Recent advances in reinforcement learning (RL) heavily rely on a variety of well-designed benchmarks, which provide environmental platforms and consistent criteria to evaluate existing and novel algorithms. Specifically, in multi-agent RL (MARL), a plethora of benchmarks based on cooperative games have spurred the development of algorithms that improve the scalability of cooperative multi-agent systems. However, for the competitive setting, a lightweight and open-sourced benchmark with challenging gaming dynamics and visual inputs has not yet been established. In this work, we present FightLadder, a real-time fighting game platform, to empower competitive MARL research. Along with the platform, we provide implementations of state-of-the-art MARL algorithms for competitive games, as well as a set of evaluation metrics to characterize the performance and exploitability of agents. We demonstrate the feasibility of this platform by training a general agent that consistently defeats 12 built-in characters in single-player mode, and expose the difficulty of training a non-exploitable agent without human knowledge and demonstrations in two-player mode. FightLadder provides meticulously designed environments to address critical challenges in competitive MARL research, aiming to catalyze a new era of discovery and advancement in the field. Videos and code at //sites.google.com/view/fightladder/home.

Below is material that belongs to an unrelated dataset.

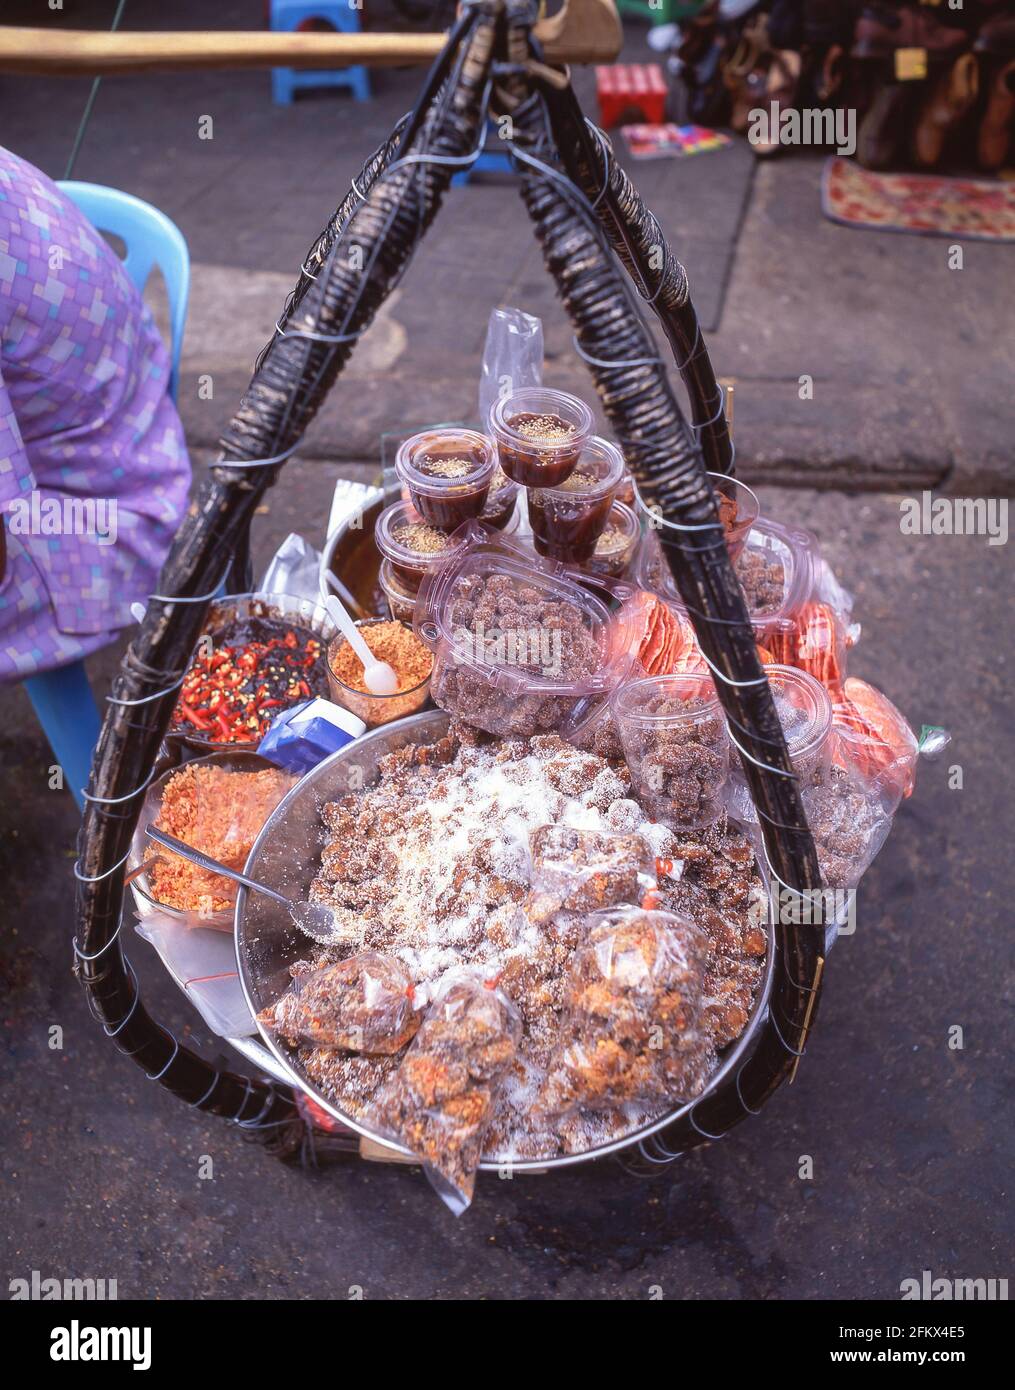 Panier alimentaire de Seller, marché Bình Tây, Cholon, District 6, Ho Chi Minh ville (Saigon), République socialiste du Vietnam Banque D'Images

Despite the impressive capabilities of large language models (LLMs) across diverse applications, they still suffer from trustworthiness issues, such as hallucinations and misalignments. Retrieval-augmented language models (RAG) have been proposed to enhance the credibility of generations by grounding external knowledge, but the theoretical understandings of their generation risks remains unexplored. In this paper, we answer: 1) whether RAG can indeed lead to low generation risks, 2) how to provide provable guarantees on the generation risks of RAG and vanilla LLMs, and 3) what sufficient conditions enable RAG models to reduce generation risks. We propose C-RAG, the first framework to certify generation risks for RAG models. Specifically, we provide conformal risk analysis for RAG models and certify an upper confidence bound of generation risks, which we refer to as conformal generation risk. We also provide theoretical guarantees on conformal generation risks for general bounded risk functions under test distribution shifts. We prove that RAG achieves a lower conformal generation risk than that of a single LLM when the quality of the retrieval model and transformer is non-trivial. Our intensive empirical results demonstrate the soundness and tightness of our conformal generation risk guarantees across four widely-used NLP datasets on four state-of-the-art retrieval models.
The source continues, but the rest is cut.